◆ PROBLEM REQUIREMENTS
Copy the data that appears below exactly. Drop the pictures.

◆ RAW DATA
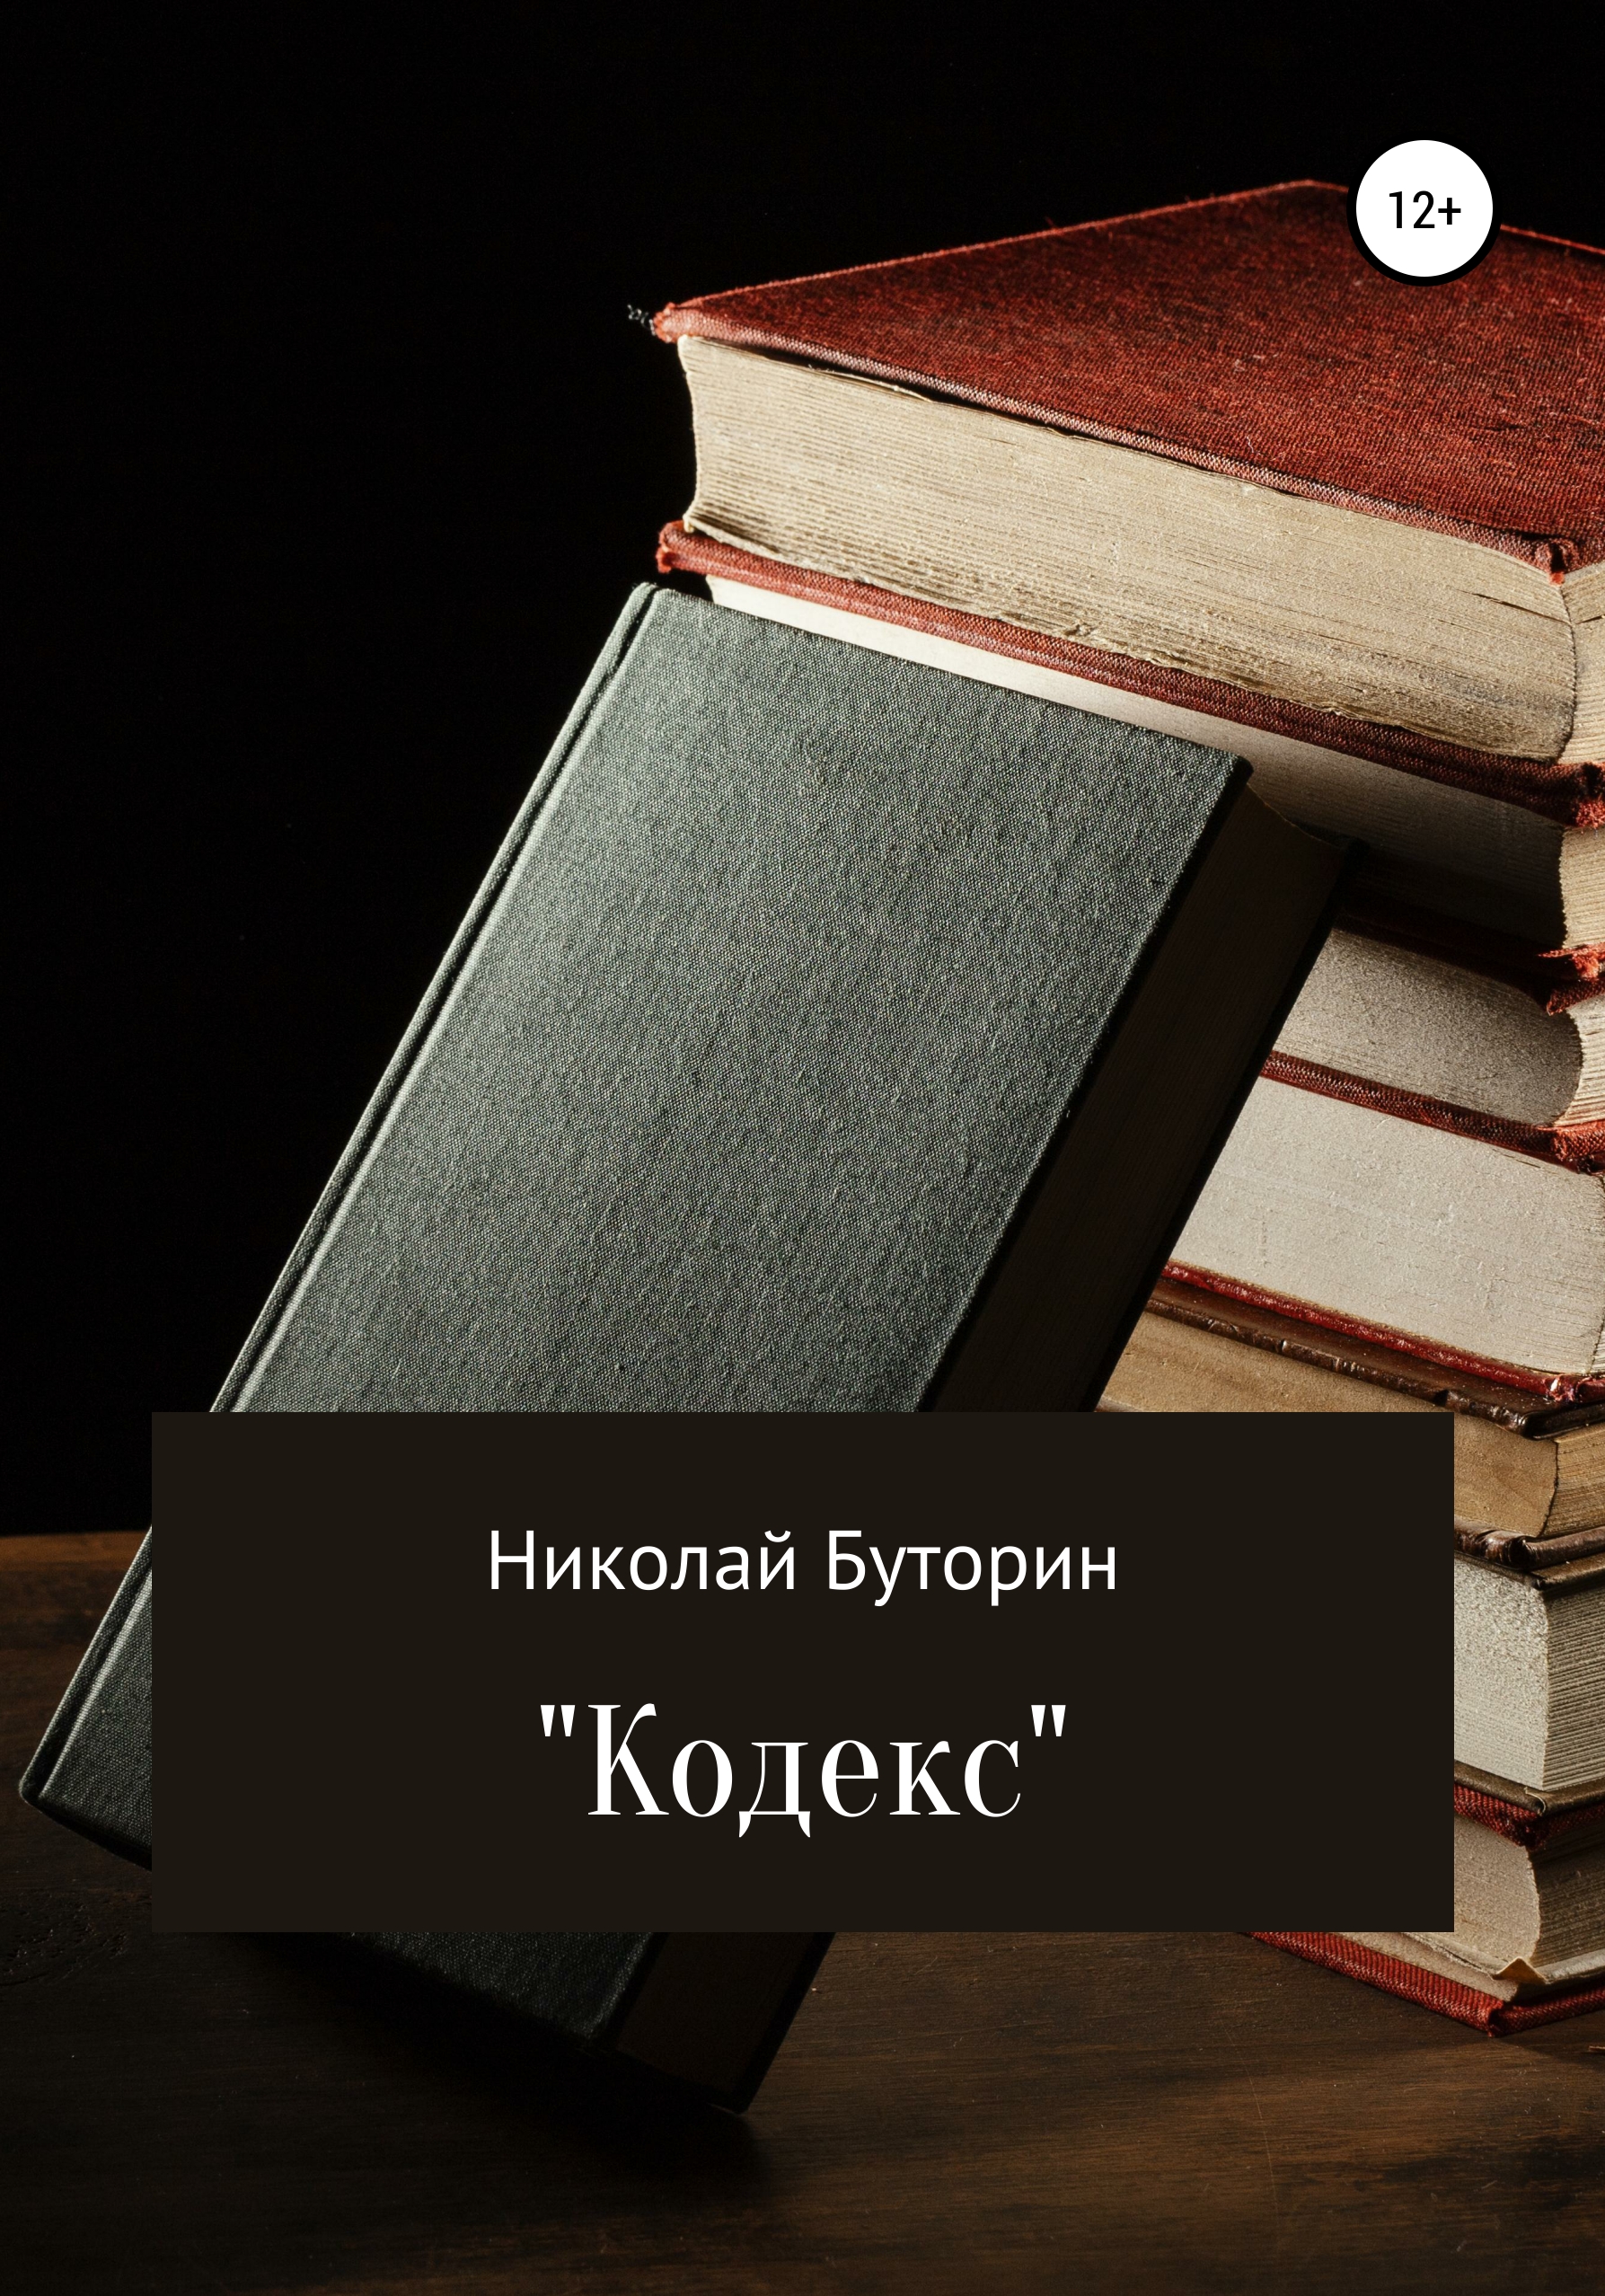 Кодекс – Николай Буторин
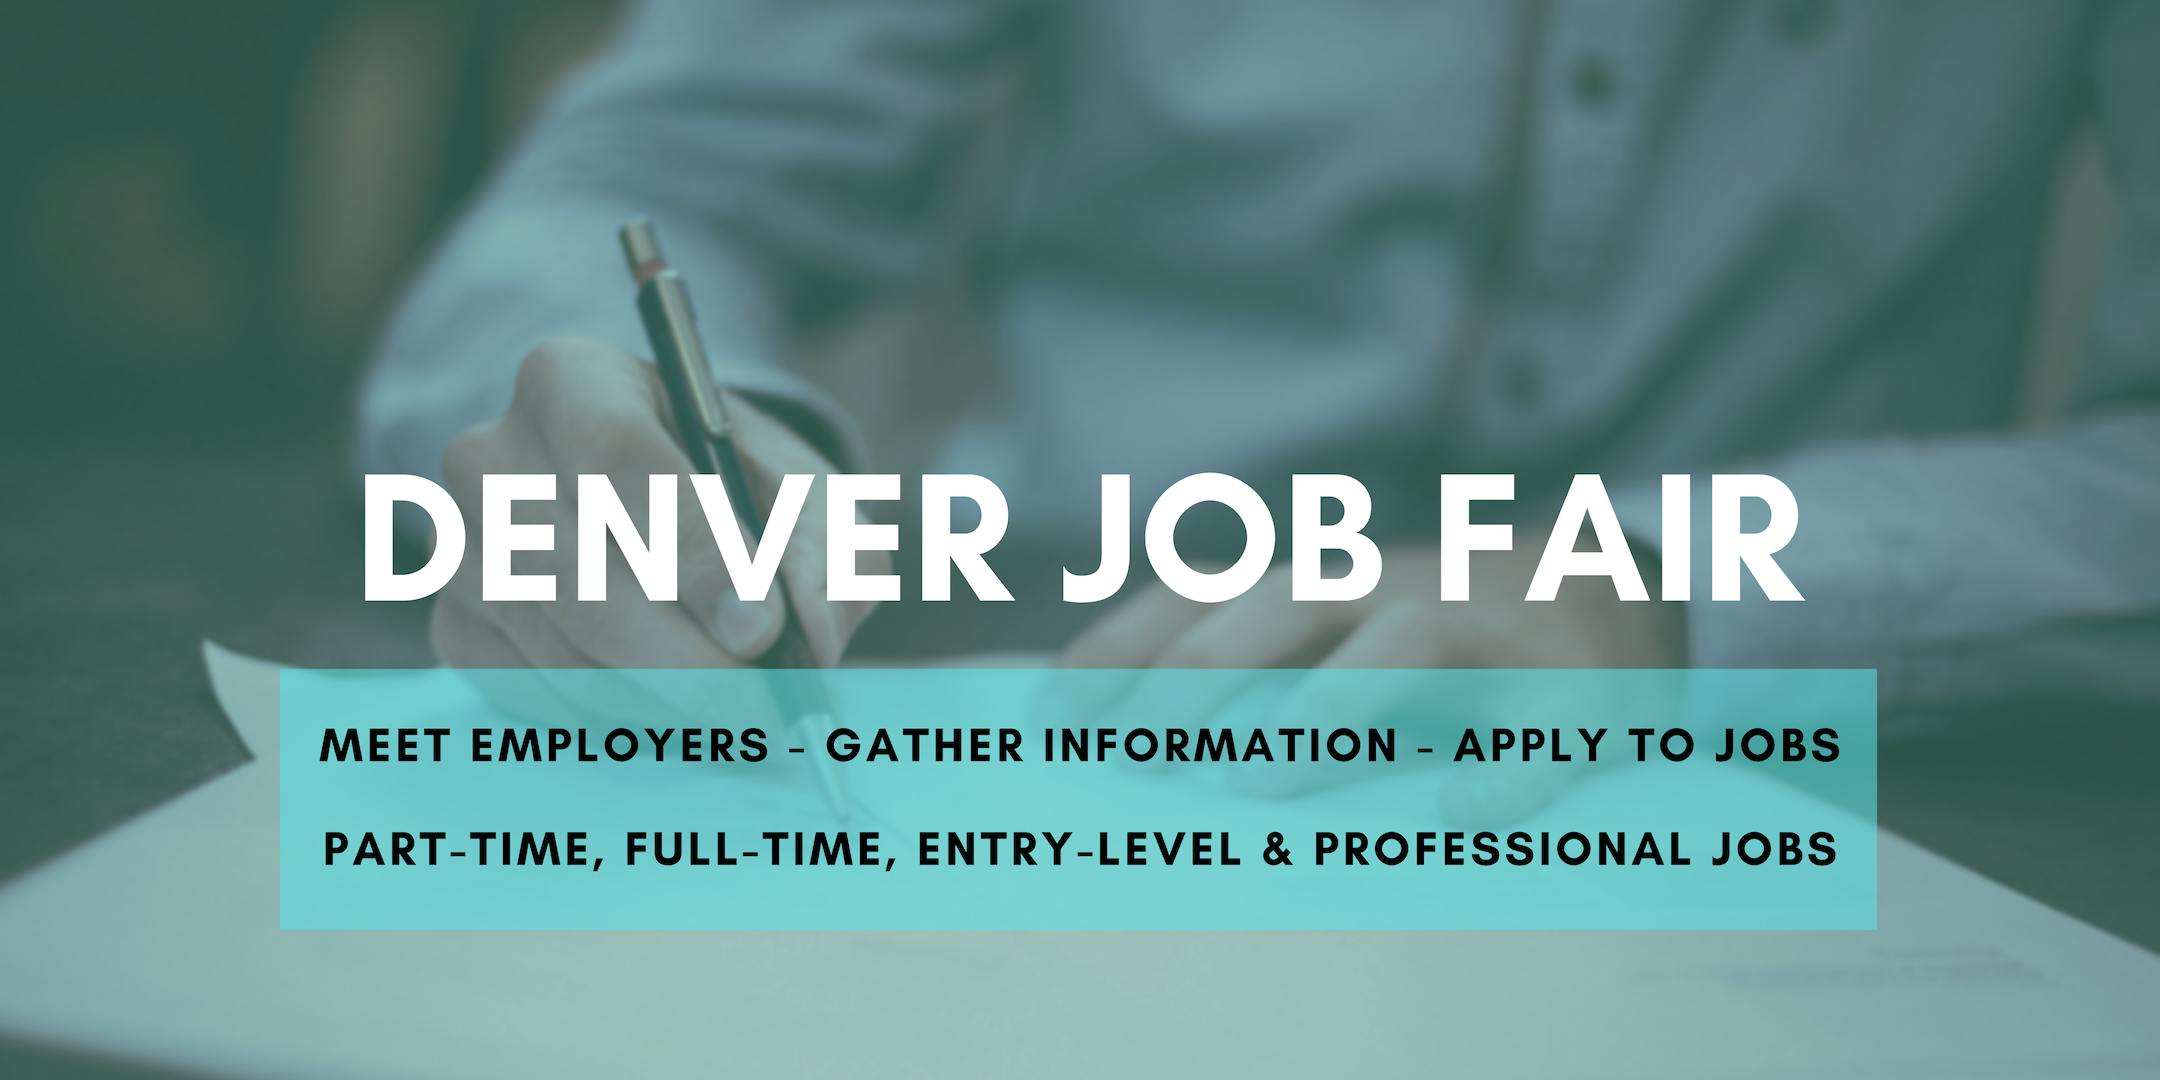 Denver Job Fair - August 26, 2019 Job Fairs & Hiring Events in Denver CO
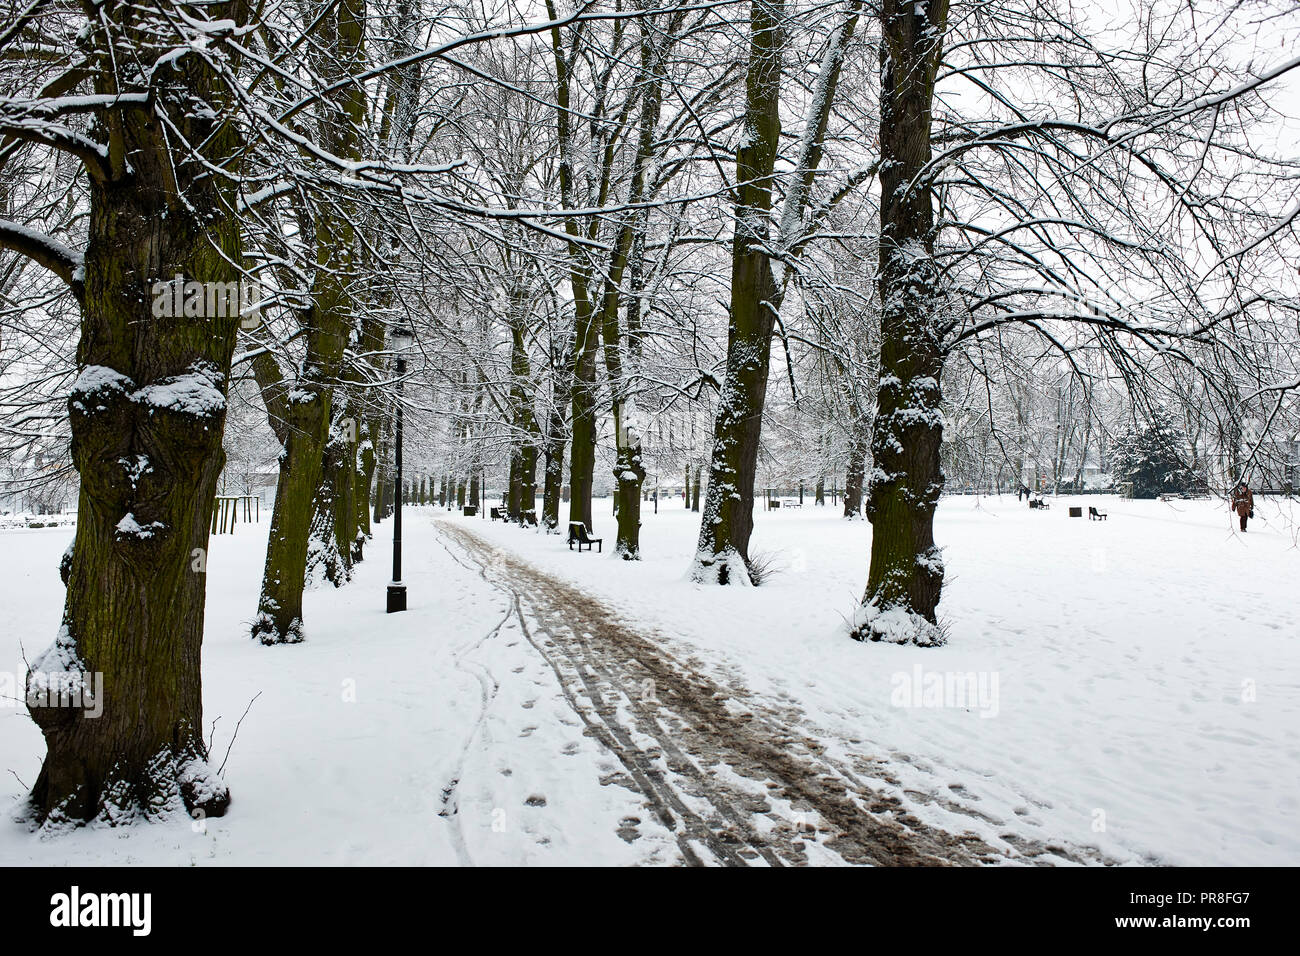 Winter Szene in Cambridge - Christi Stücke. Schnee bedeckt Rasen und Garten mit Bäumen gesäumten Fußweg. Stockfoto
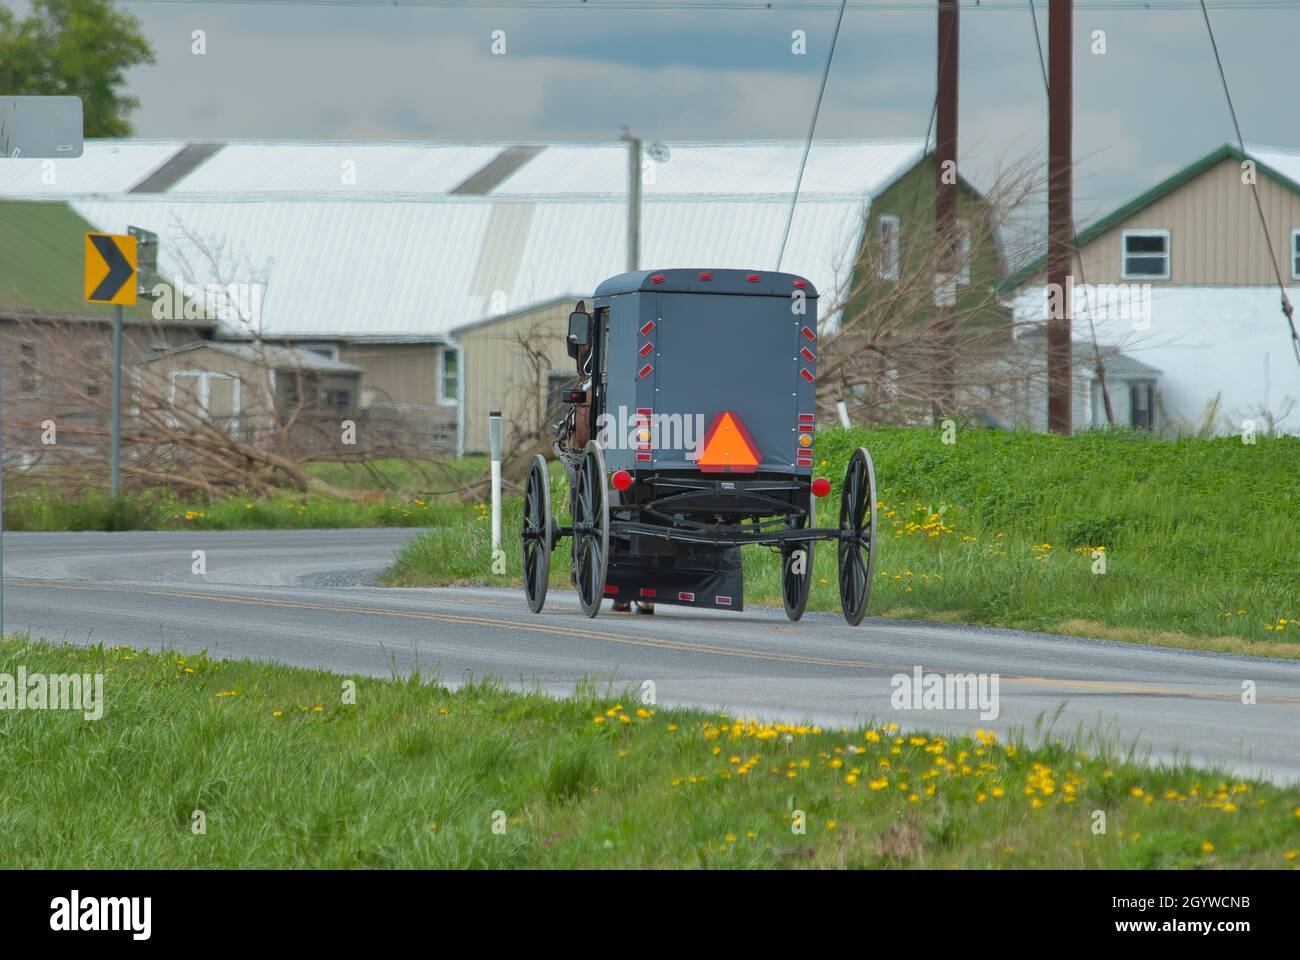 Ein Amish Horse und Buggy Reisen entlang einer Landstraße durch Ackerland an einem Frühlingstag Stockfoto

◆ SOLUTION TO THIS PROBLEM
 Кодекс – Николай Буторин
 Denver Job Fair - August 26, 2019 Job Fairs & Hiring Events in Denver CO
 Winter Szene in Cambridge - Christi Stücke. Schnee bedeckt Rasen und Garten mit Bäumen gesäumten Fußweg. Stockfoto
 Ein Amish Horse und Buggy Reisen entlang einer Landstraße durch Ackerland an einem Frühlingstag Stockfoto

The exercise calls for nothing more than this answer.